Retype exactly the span of lines below from the one with "A PCIE data" through the one with "A complete backup of clevnet.org". Do not include pictures.

**** Available data

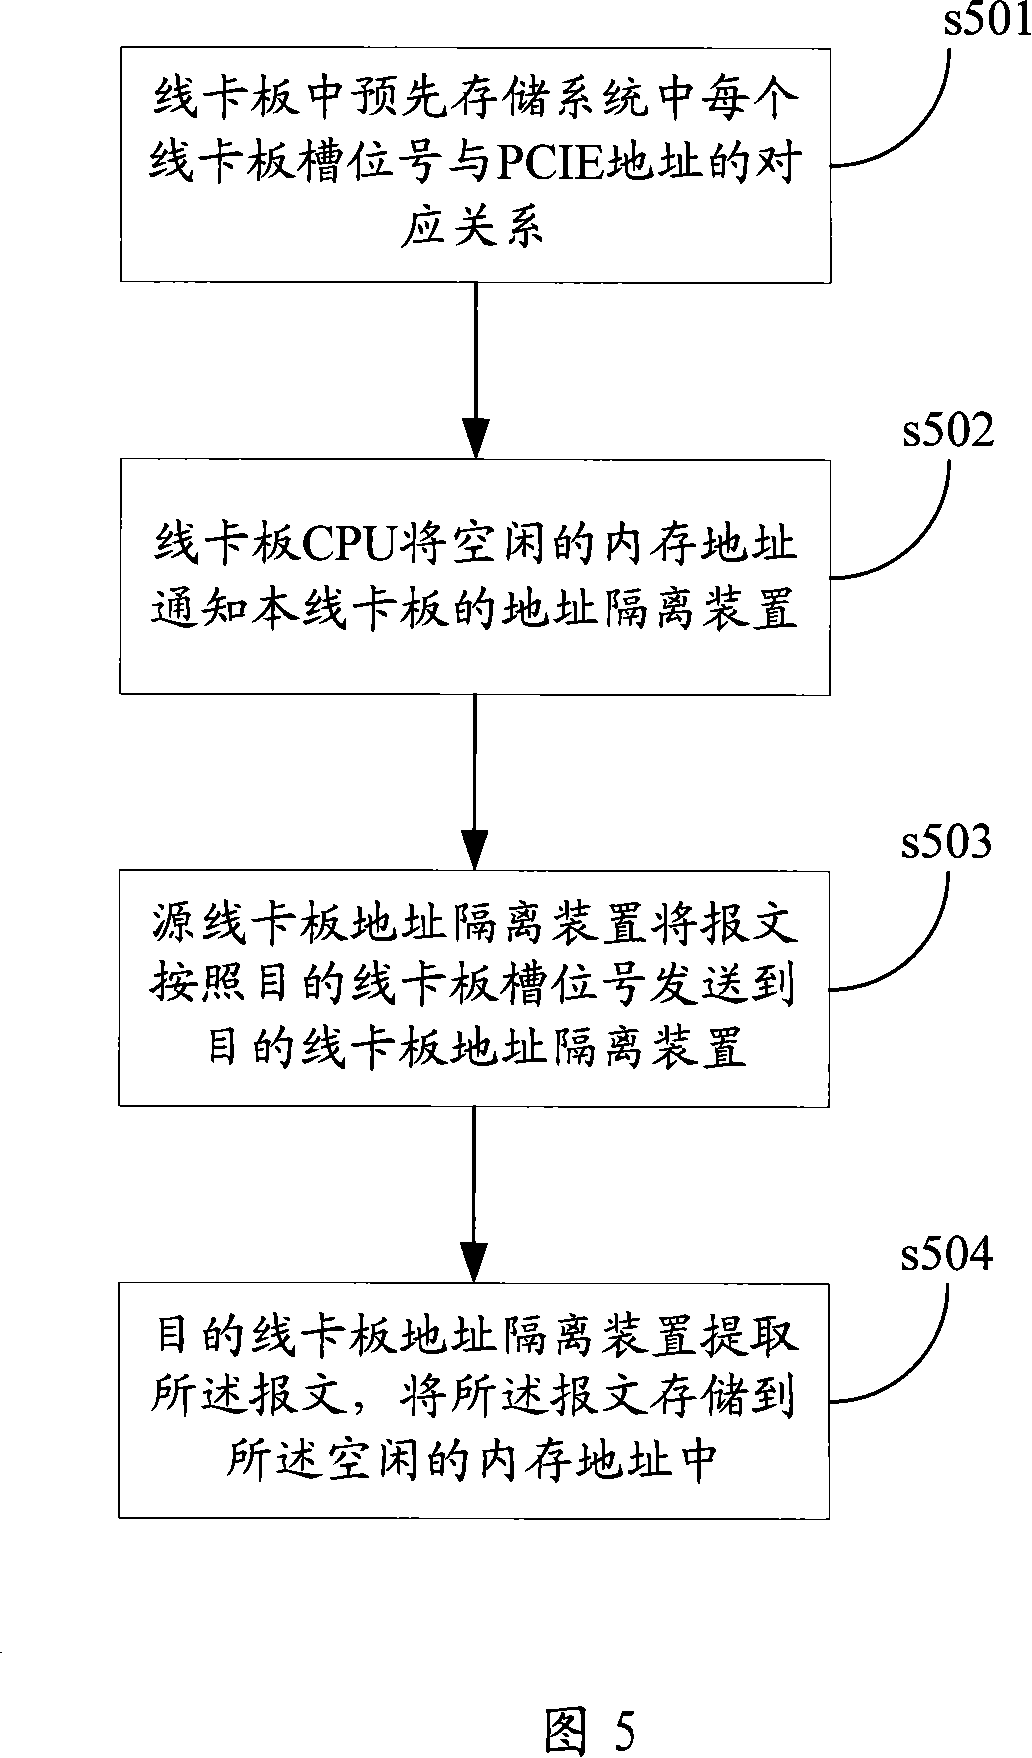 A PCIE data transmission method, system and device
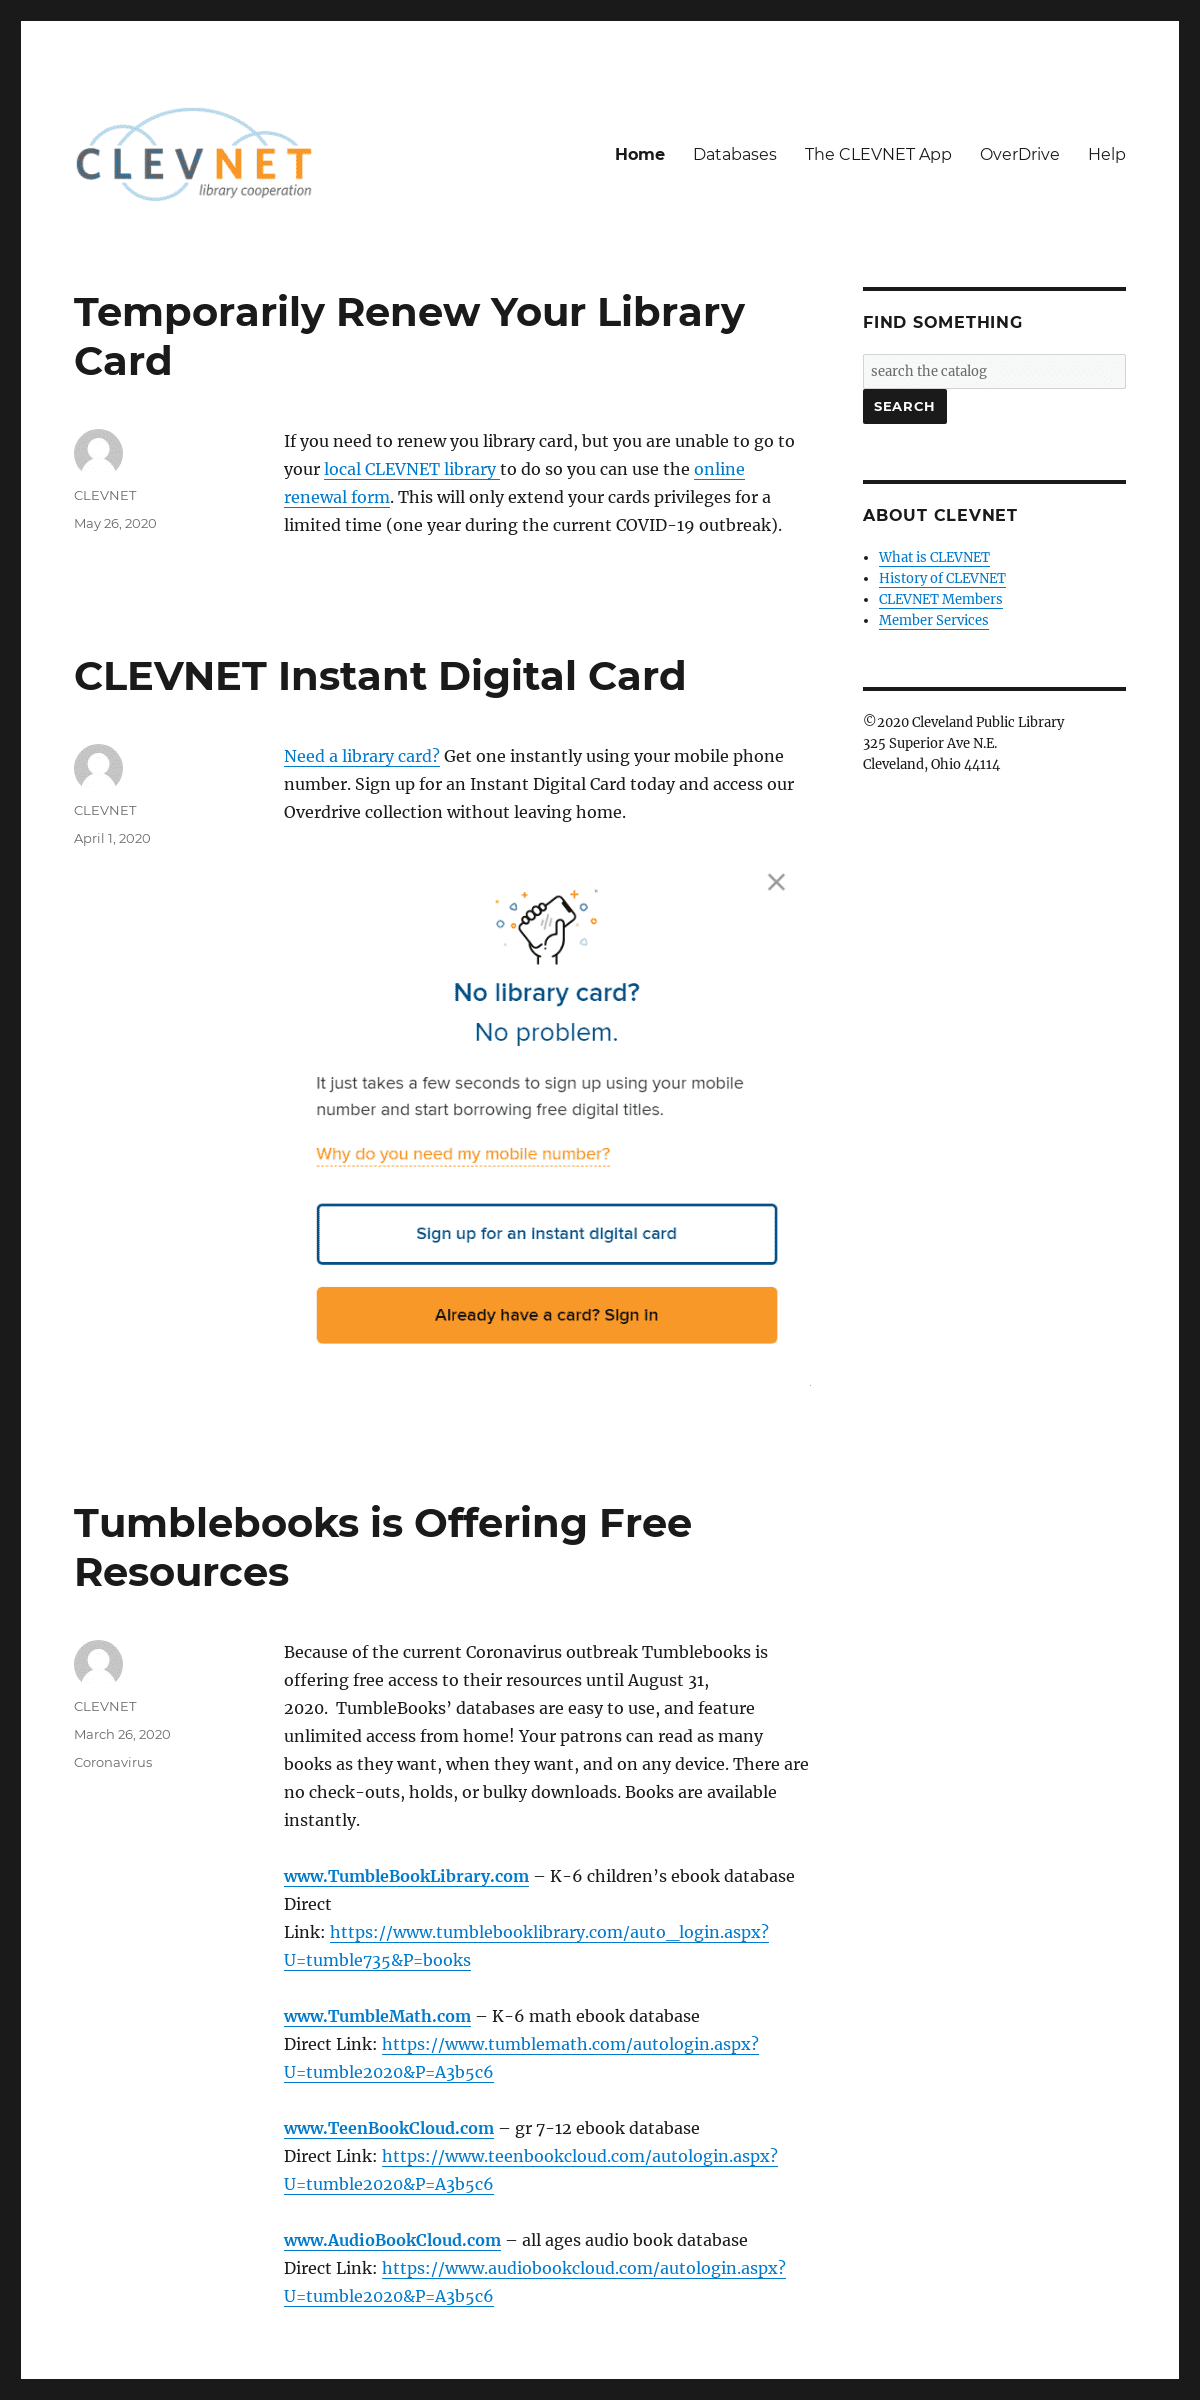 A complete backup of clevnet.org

********
**** Available data

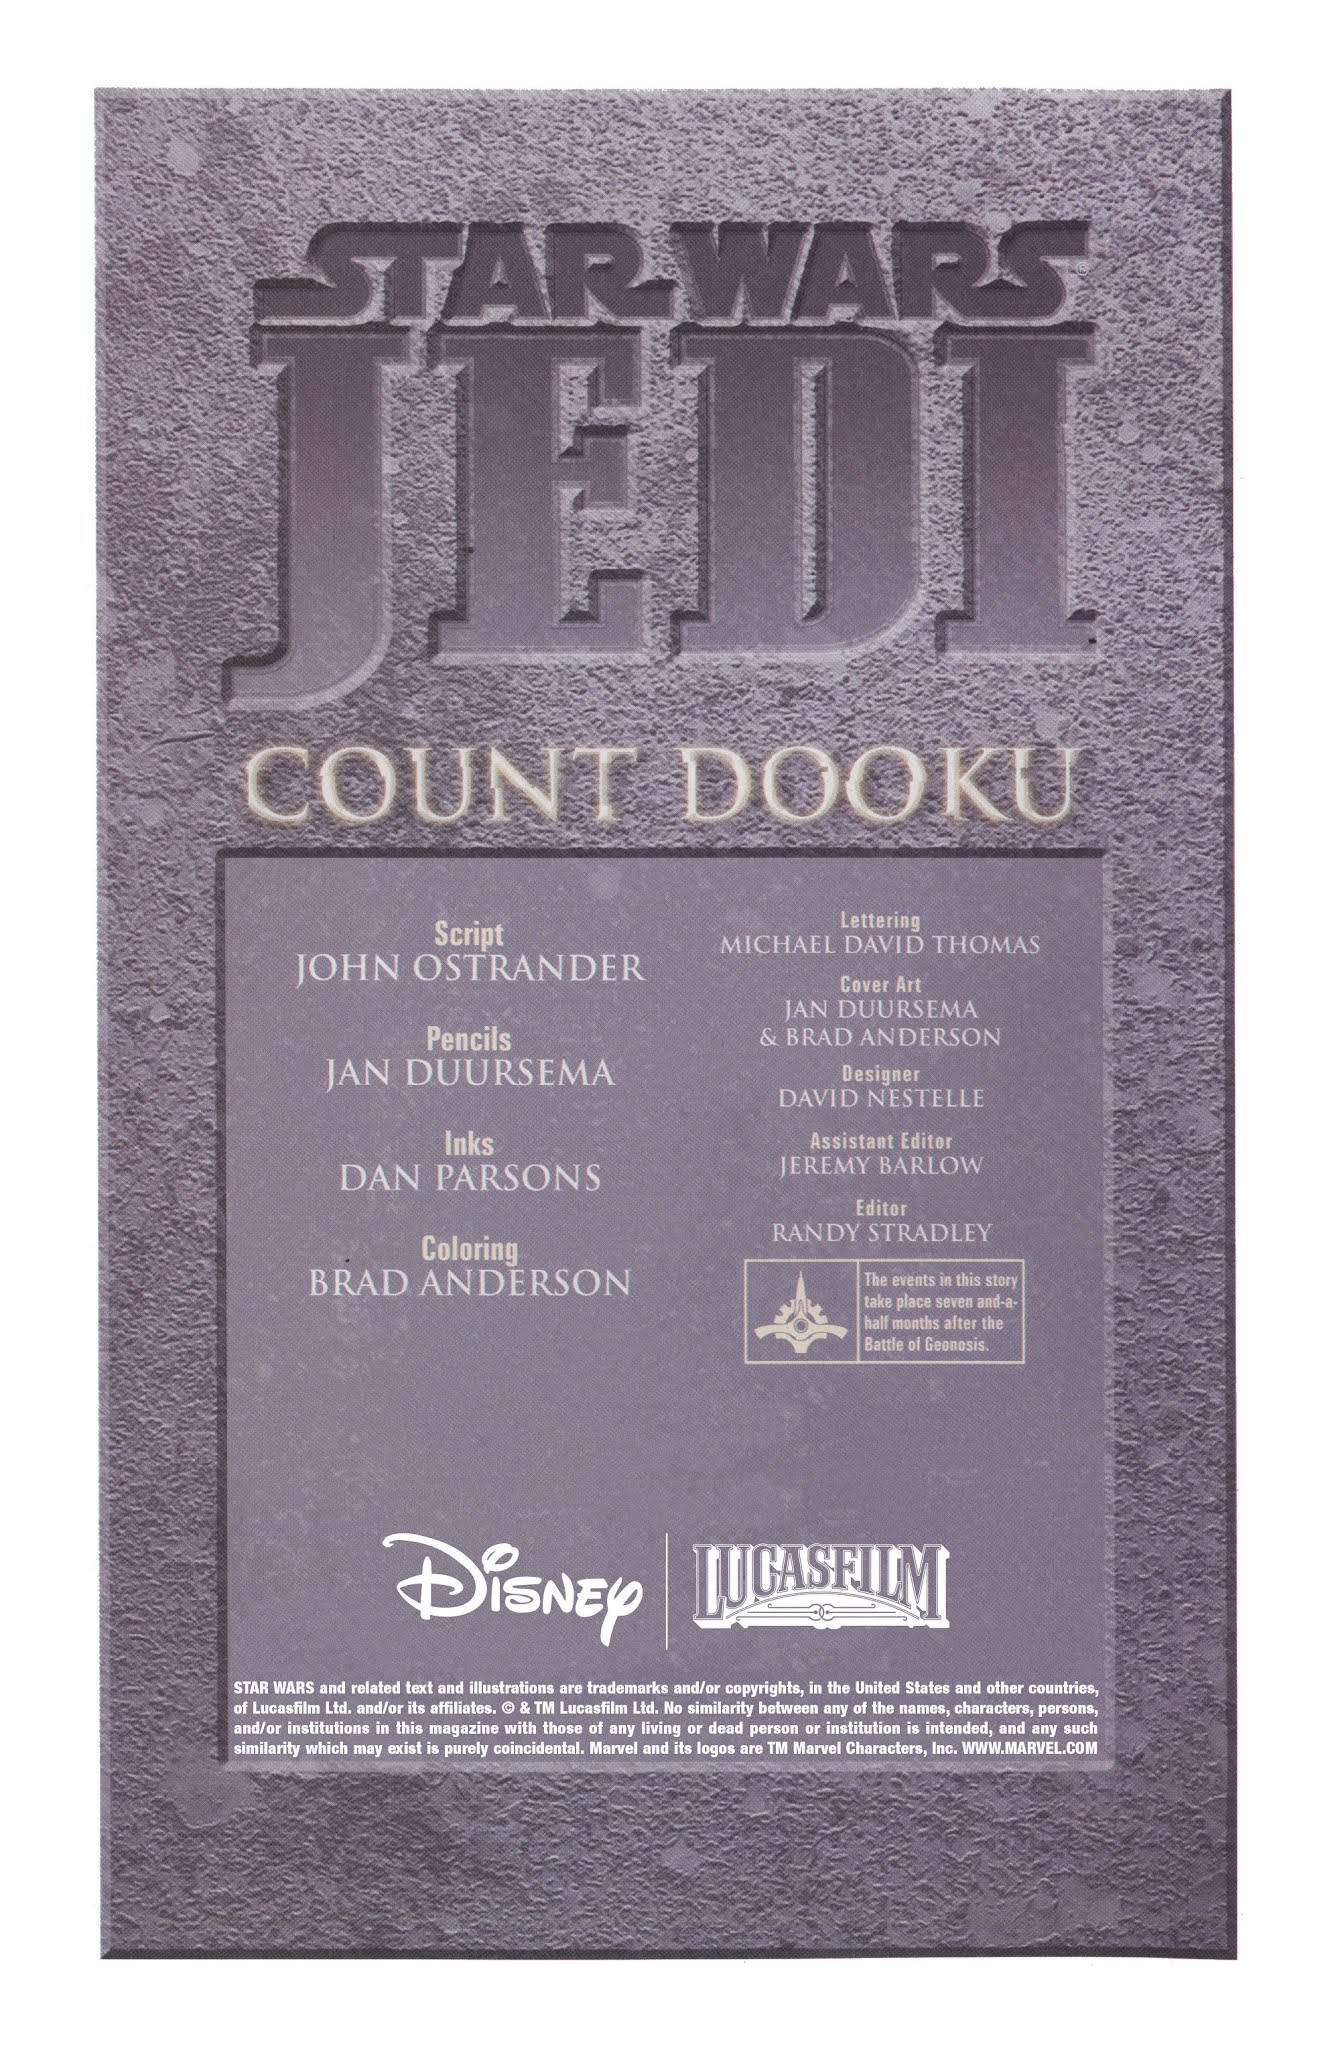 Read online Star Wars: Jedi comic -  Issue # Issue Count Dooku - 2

********

#### [Answer box]
 A PCIE data transmission method, system and device
 A complete backup of clevnet.org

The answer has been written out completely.